Online Learning of Optimal Sequential Testing Policies (2509.03707v1)

Published 3 Sep 2025 in cs.LG

Abstract: This paper studies an online learning problem that seeks optimal testing policies for a stream of subjects, each of whom can be evaluated through a sequence of candidate tests drawn from a common pool. We refer to this problem as the Online Testing Problem (OTP). Although conducting every candidate test for a subject provides more information, it is often preferable to select only a subset when tests are correlated and costly, and make decisions with partial information. If the joint distribution of test outcomes were known, the problem could be cast as a Markov Decision Process (MDP) and solved exactly. In practice, this distribution is unknown and must be learned online as subjects are tested. When a subject is not fully tested, the resulting missing data can bias estimates, making the problem fundamentally harder than standard episodic MDPs. We prove that the minimax regret must scale at least as $\Omega(T^{{\frac{2}{3}})$,} in contrast to the $\Theta(\sqrt{T})$ rate in episodic MDPs, revealing the difficulty introduced by missingness.

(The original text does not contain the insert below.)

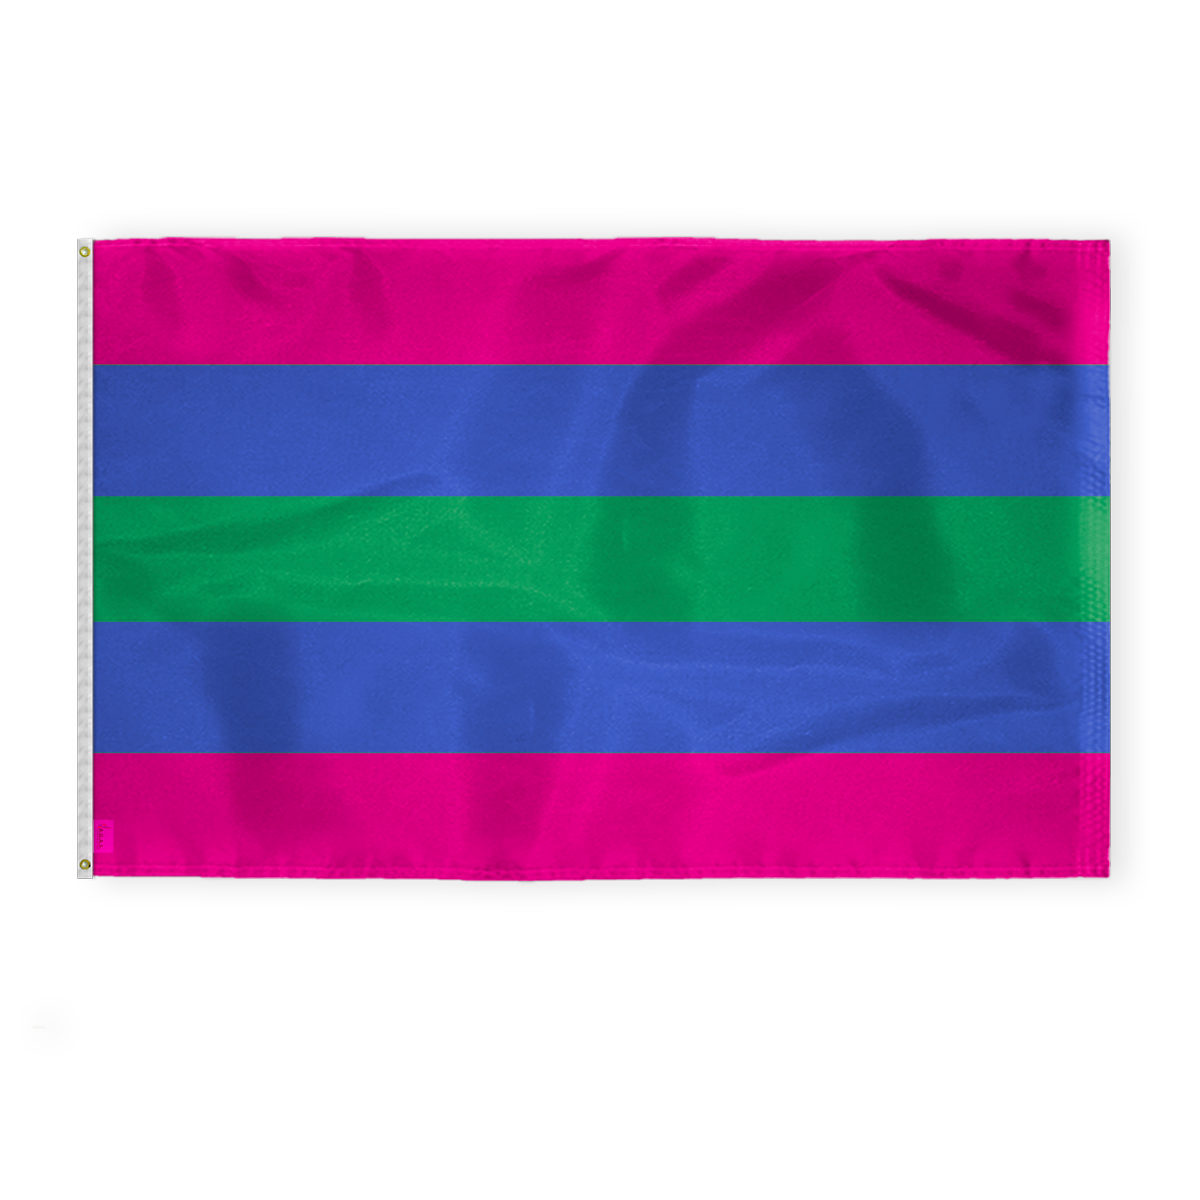 AGAS Trigender Pride Flag 4x6 Ft - Double Sided Printed 200D Nylon
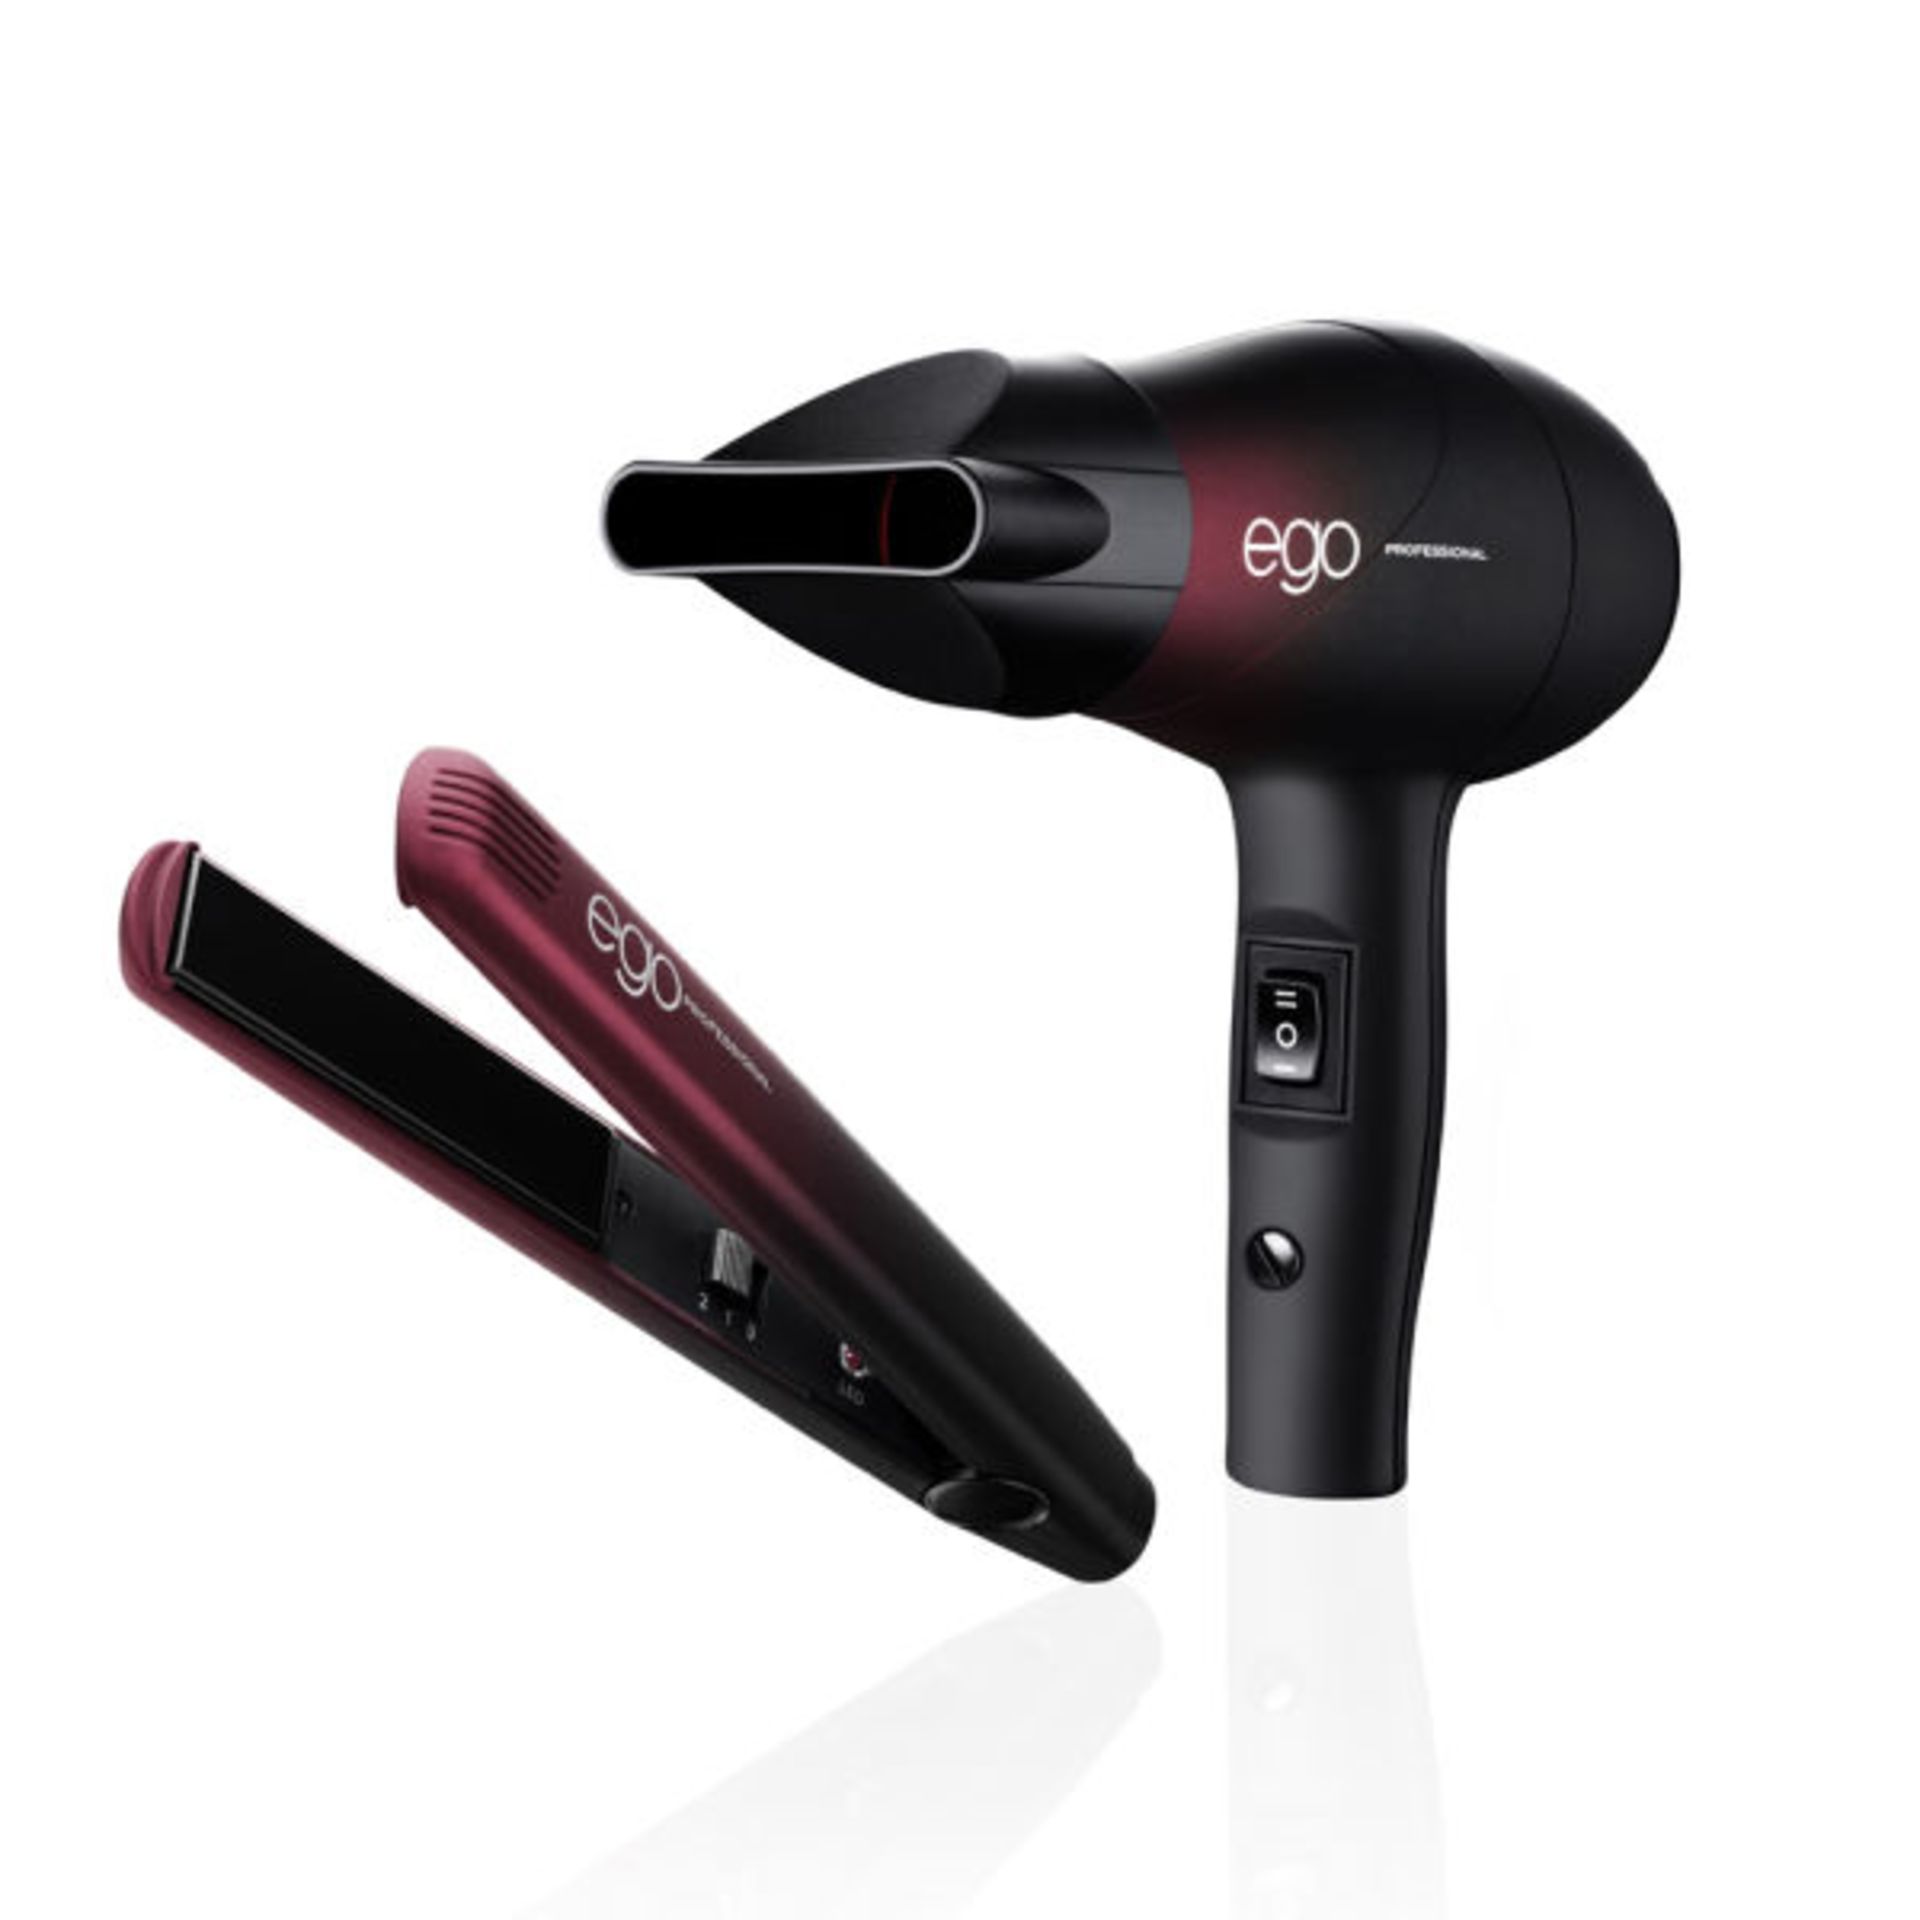 10 x Ego Professional Full On And Fabulous Ego Set (Alter Ego Hairdryer And Little Iron) [Grade A] - Image 4 of 4

This elevated lower bound is then matched by an Explore-Then-Commit algorithm whose cumulative regret is $\tilde{O}(T^{{\frac{2}{3}})$} for both discrete and Gaussian distributions. To highlight the consequence of missingness-dependent rewards in OTP, we study a variant called the Online Cost-sensitive Maximum Entropy Sampling Problem, where rewards are independent of missing data. This structure enables an iterative-elimination algorithm that achieves $\tilde{O}(\sqrt{T})$ regret, breaking the $\Omega(T^{{\frac{2}{3}})$} lower bound for OTP. Numerical results confirm our theory in both settings. Overall, this work deepens the understanding of the exploration--exploitation trade-off under missing data and guides the design of efficient sequential testing policies.